Prof. Hans-Günther Döbereiner: Slime Mold Network Percolation as a Paradigm for Topological Phase Transitions
Source: Monday physics colloquium
Slime Mold Network Percolation as a Paradigm for Topological Phase TransitionsProf. Hans-Günther Döbereiner, Institut für Biophysik, Universität Bremen
The true slime mold Physarum polycephalum forms a tubular network as a foraging strategy in order to maximize searchable area and minimize transport distances of nutrients and biochemical signals.These networks grow out of microplasmodia which oscillate in shape with a typical frequency of two minutes. We characterize concomitant calcium oscillations and cytoskeleton elasticity, and show that microplasmodia fuse to form macroplasmodia in a percolation transition. At this topological phase transition, one single giant component forms, connecting most of the previously isolated microplasmodia. Employing the configuration model of graph theory for small link degrees, we have found an exact solution for this transition. Topological constraints impose strong conditions on trajectories in the configuration space of the network.
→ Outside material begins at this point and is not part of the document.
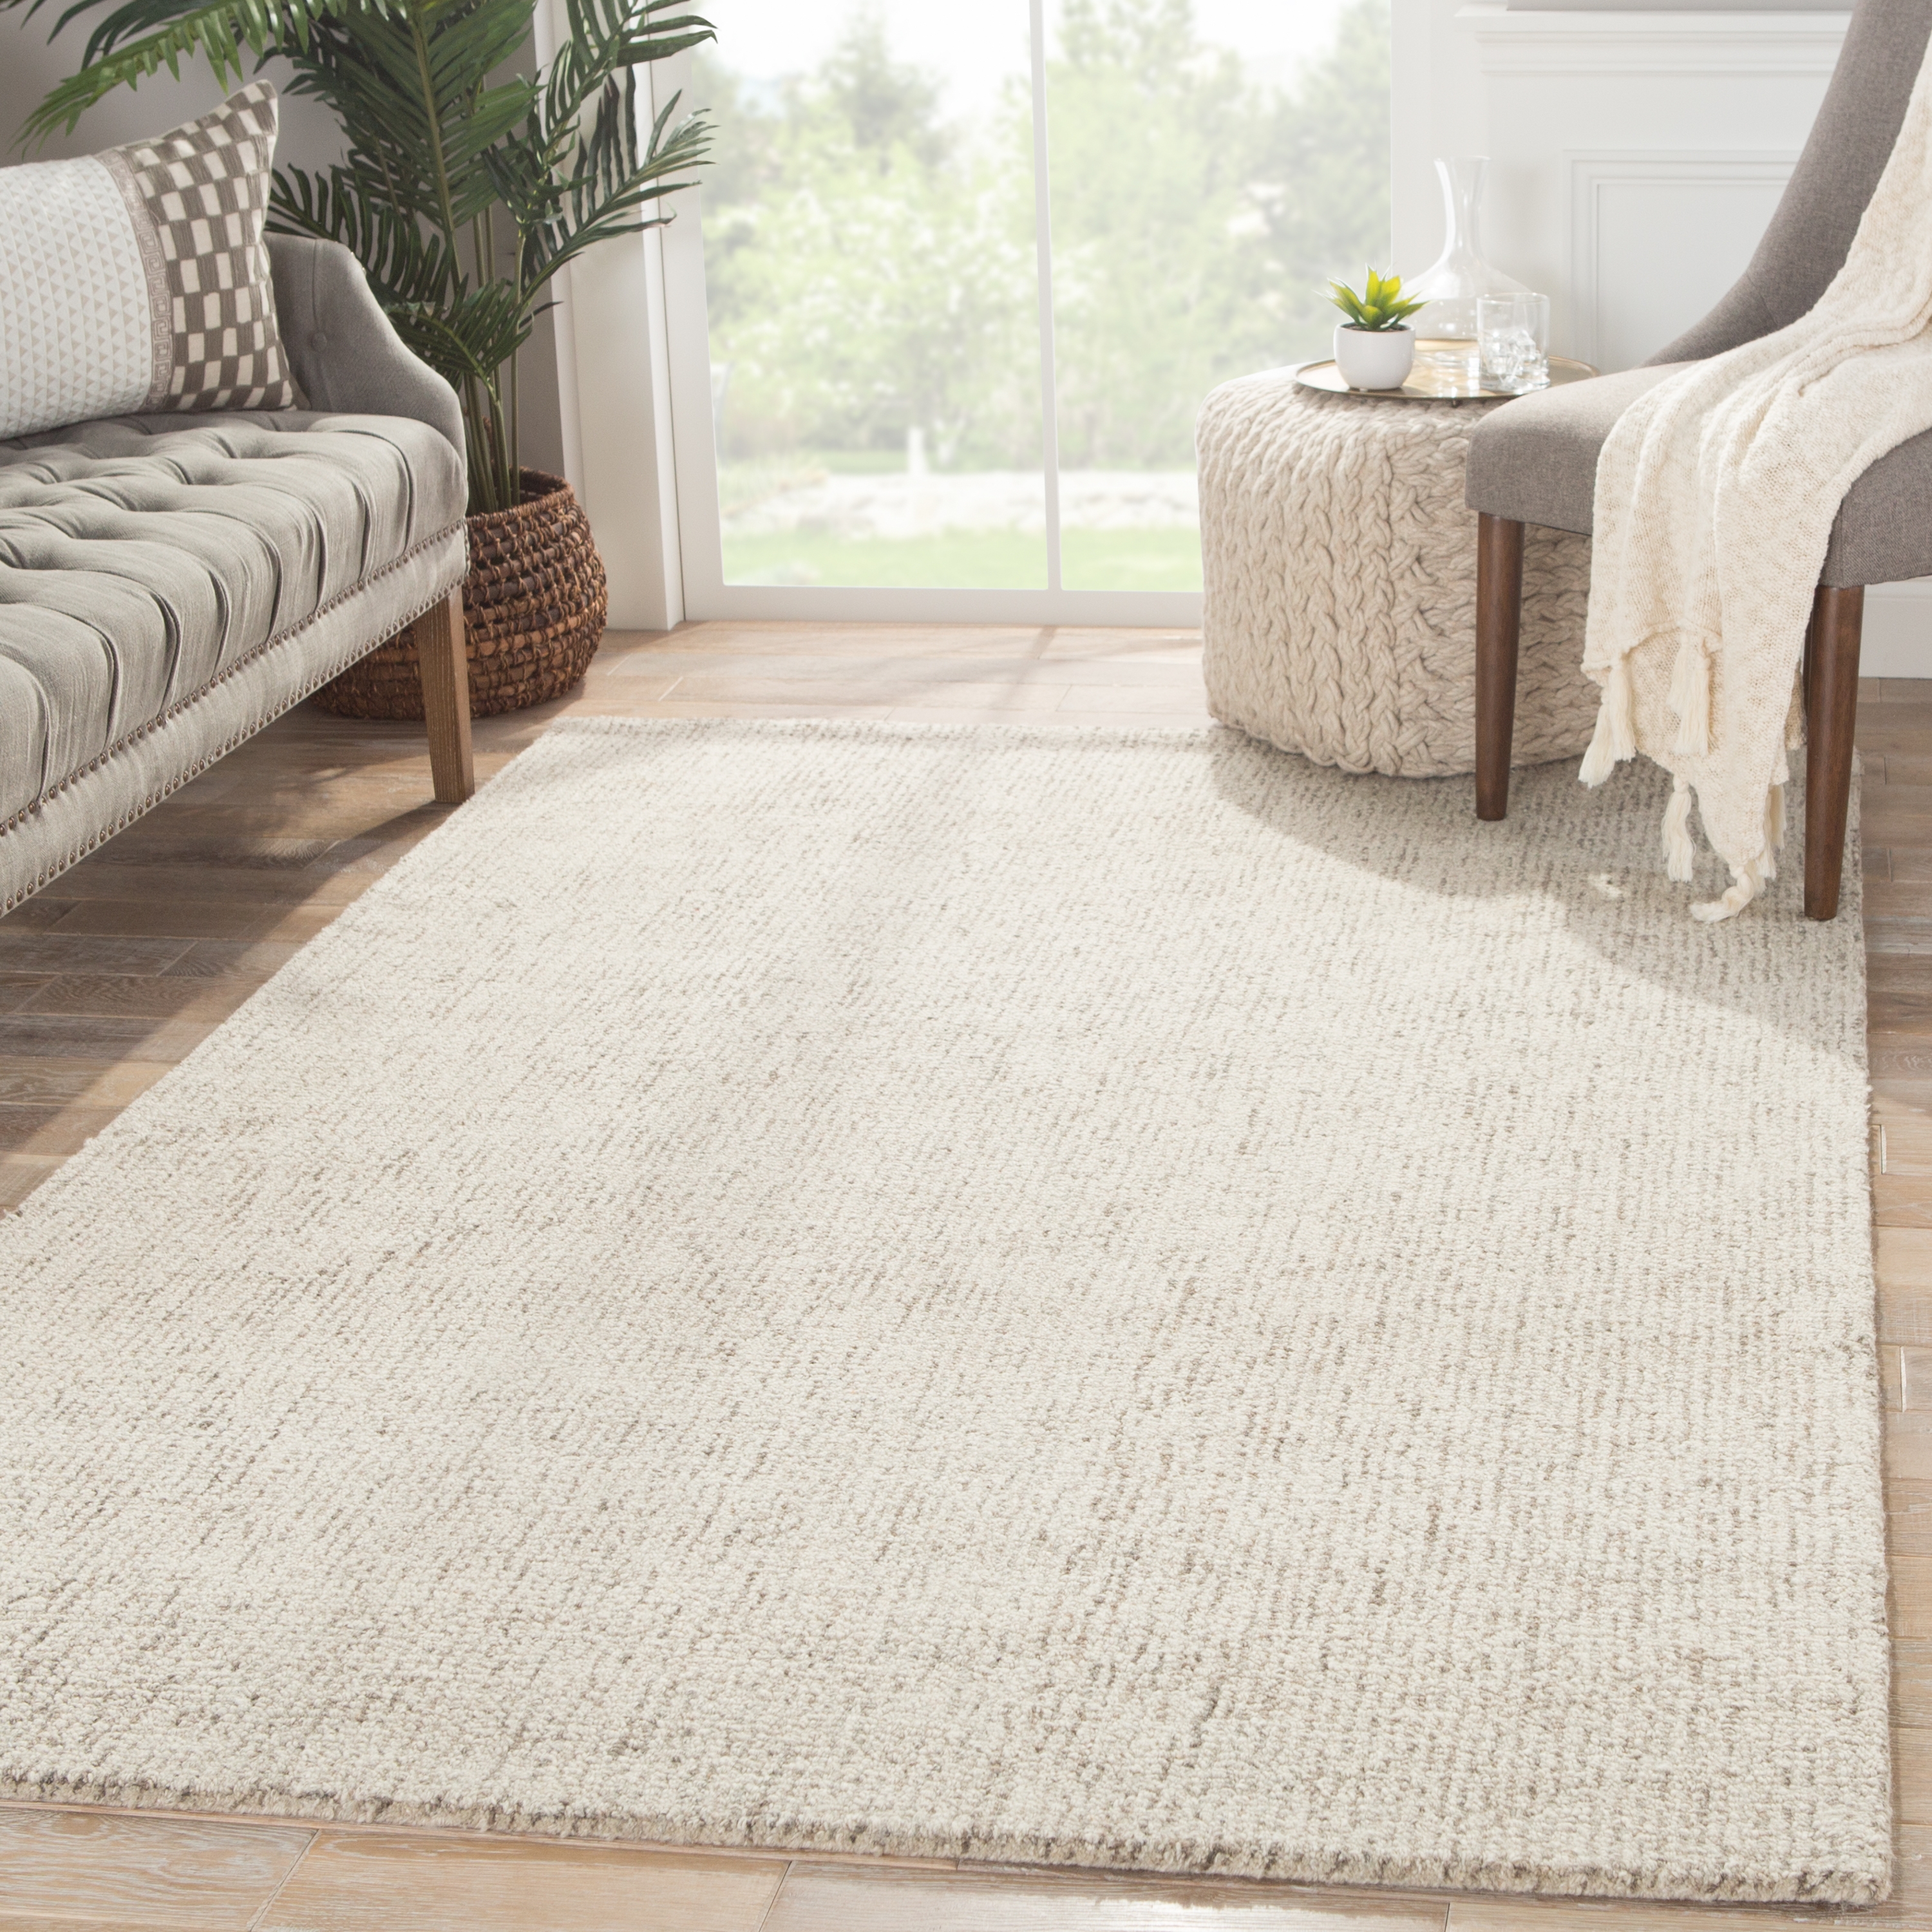 Oland Handmade Solid White/ Brown Area Rug (2' X 3') - Image 4

Conditions are quite general so that all systems which form extended networks from disconnected pieces have to pass through this percolation transition in a particular way. Especially, this applies to vasculogenesis in early embryo development and within tumors. We have demonstrated that in the early stages of vascular network assembly of endothelial cells. In a broader sense, static and dynamic phase transitions may serve as a general ordering principle in complex biological systems.